Pablo Diego José Francisco de Paula Juan Nepomuceno María de los Remedios Cipriano de la Santísima Trinidad Ruiz y Picasso was a very impatient man, perhaps because his name takes so long to say or write.

I say he was impatient on the evidence of his paintings. I certainly never met the man. But I have seen a boatload of his paintings in person and hundreds in reproduction, and they all tell me he didn’t have the patience to spend time on their finishing touches.

Don’t misunderstand: Pablo Picasso was a great artist, and for many reasons. But he was not what I would call a great painter. Let’s take a look.

There was a time when many thought that Picasso’s art was a hoax. You know, the “My kid could paint better than that,” and serious-minded critics would say, “First, you have to be able to master the techniques before you can experiment with abstraction.” (Yeah, this was a while ago).

But then, some of the young Picasso’s art, from his adolescence, began showing up and it was clear that he had been a masterful draftsman and could draw and paint as realistically as anyone.

He could pump out an academic figure study like an Old Master. And he could put on canvas as realistic a painting as you could wish. Just look at some of these, from 1893, when the artist was 12, and 1896. It is clear he could do anything. But he didn’t: By the turn of the century, he had been taken with more modern trends in art, from Impressionism to Post-Impressionism, to Fauvism and Expressionism.

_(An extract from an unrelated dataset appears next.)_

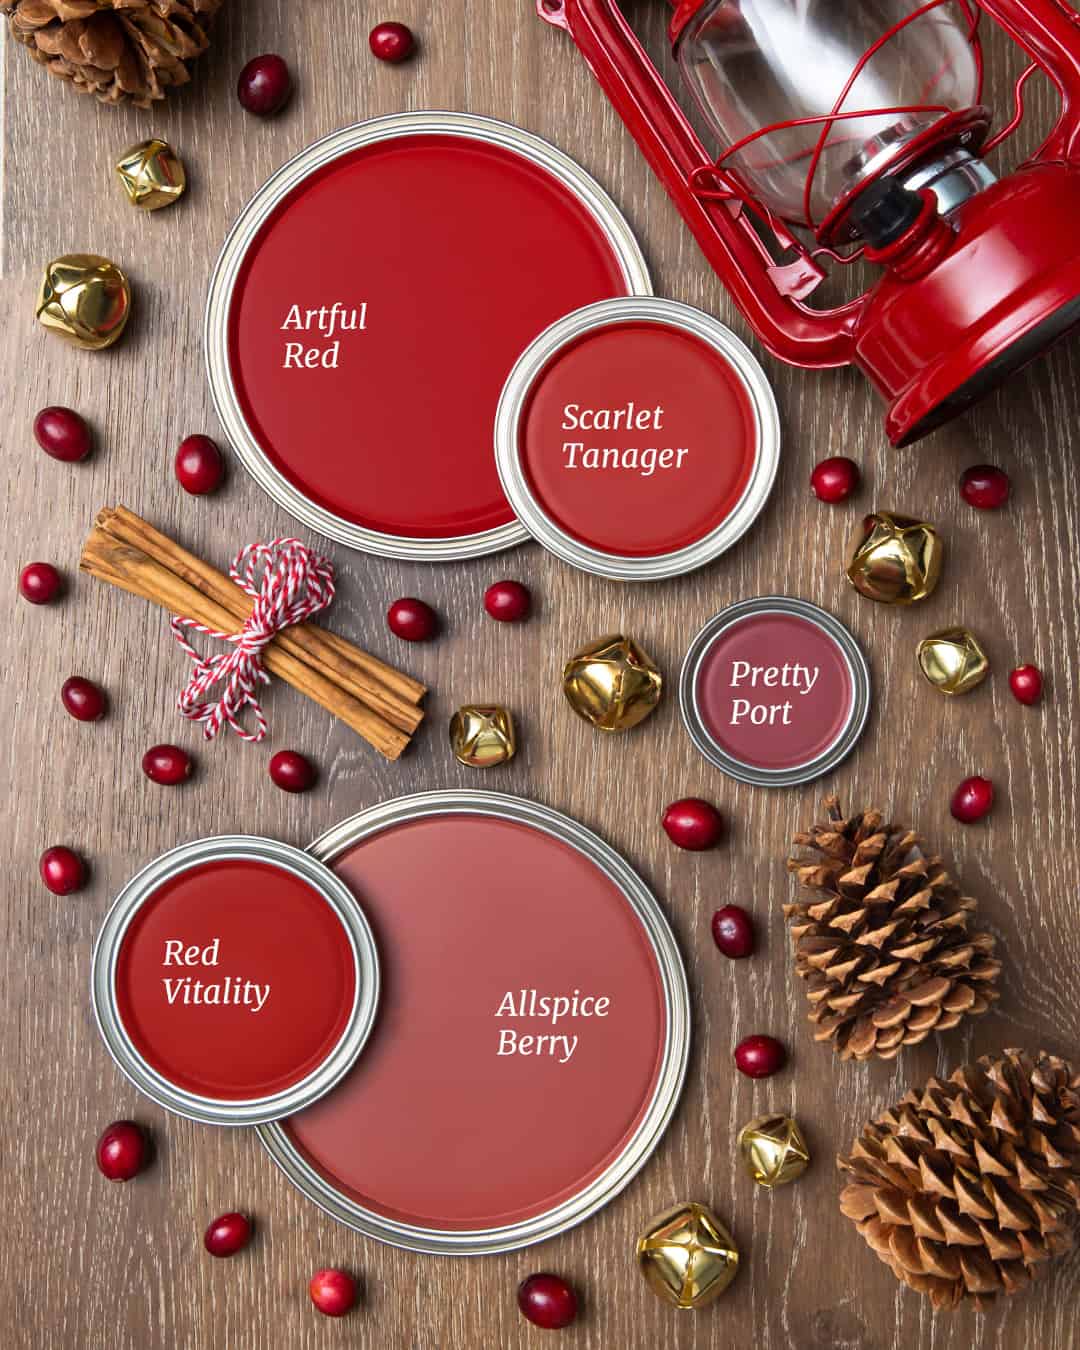 Cool red holiday paint colors

His style loosened and the works became sketchier.

This evolution of style was characteristic not only of Picasso, but of other artists, writers and poets. There had been Impressionism and Post-Impressionism, Van Gogh, Gauguin, Cezanne — all with different styles.

By the middle of the last century (that’s the 20th, remember), Modernism had not only established itself, but become entrenched. Its hagiography had been codified and the heads of its various branches were Igor Stravinsky in music, James Joyce in prose, Ezra Pound in verse, and Picasso on canvas.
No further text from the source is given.